- Cover of First edition, Methuen 1970
- Original language: English
- Written by: Joe Orton
- Characters: Pringle, Caulfield, Tess, McCorquodale, Police Officers
- Genre: Farce

Premiere
- Date: 26 August 1968

= Funeral Games (play) =

Funeral Games is a 50-minute television play by Joe Orton.

Along with Orton's The Good and Faithful Servant, the play was originally written for the Associated Rediffusion series Seven Deadly Virtues, the sequel to its earlier Seven Deadly Sins, which had included his The Erpingham Camp.

Funeral Games followed the general format of the other plays by other writers in the series, in that viewers were expected to decide which virtue they were witnessing before the answer was revealed in the closing credits. The choices were courage, faith, hope, prudence, justice, charity, and temperance. The Good And Faithful Servant and Funeral Games represented faith and justice respectively, but ultimately only the first was included in the series, with the justice episode being The Whole Truth by John Bowen. Both were directed by James Ormerod, who had previously handled The Erpingham Camp.

The Funeral Games script eventually passed to Yorkshire Television, which produced it - along with an adaptation Entertaining Mr Sloane - as contributions to the Playhouse series. Sloane (directed by Peter Moffatt) was broadcast on 15 July 1968, and Games (directed by Ormerod) on 26 August 1968, both post-dating Orton's death. Both these plays still exist.

The play can be seen as a satire on the theme of Christian charity. It is also an attack on hypocrisy in general, and on religion and middle-class morality in particular. It displays Orton's hallmarks of black humour, outrageous characters, deliberate bad taste, and surreal situations.

== Plot ==
Cult leader, preacher, and con-artist Pringle hires thuggish criminal Caulfield to investigate an anonymous report that his wife Tess is having an affair with a defrocked Catholic priest.

It seems that the report is mistaken, and Tess' visits to the priest McCorquodale are innocent. However, McCorquodale has killed his own wife and buried her in the cellar. Pringle still wishes to kill Tess, but instead tells people she has 'gone away', a classic ploy used when one has killed one's wife. His intention is to gain respect as a killer. Tess agrees to live out of sight with McCorquodale.

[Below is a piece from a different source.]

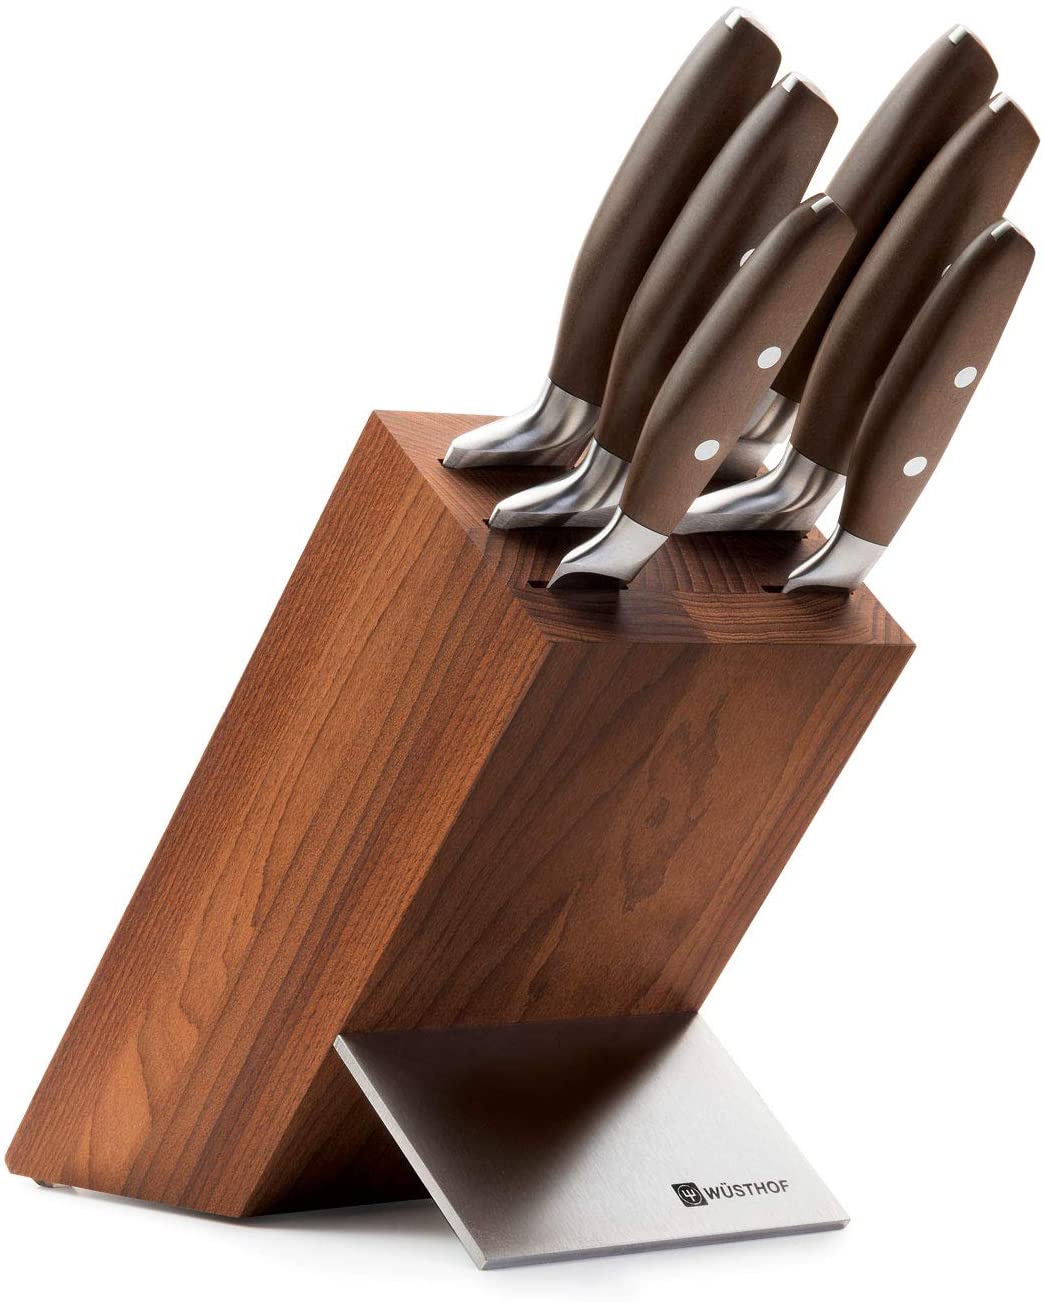 Wusthof Wüsthof Epicure 9854 Knife Block with 6 Chef\'s Knives, Kitchen Knife Set, Beech, Stainless Steel, Very Sharp Knives

Pringle's plans are in danger of being ruined when a reporter threatens his new reputation by suspecting that Tess is not dead at all, and accuses Pringle of being innocent.

== Cast ==

- Michael Denison - Pringle
- Vivien Merchant - Tessa
- Ian McShane - Caulfield
- Bill Fraser - McCorquodale

== Production history ==

Orton wrote Funeral Games in several drafts between July and November 1966, a period of intense productivity for him. Funeral Games is considered to be the transitional play between Loot and What the Butler Saw. In common with much of Orton's work, Funeral Games was regarded as very shocking in England on its first production.

The script of the play was first published by Methuen (Modern Plays series, 1970), and the play has enjoyed long-term popularity with amateur and fringe theatre companies in England.

There was a BBC Radio 4 production in 2008.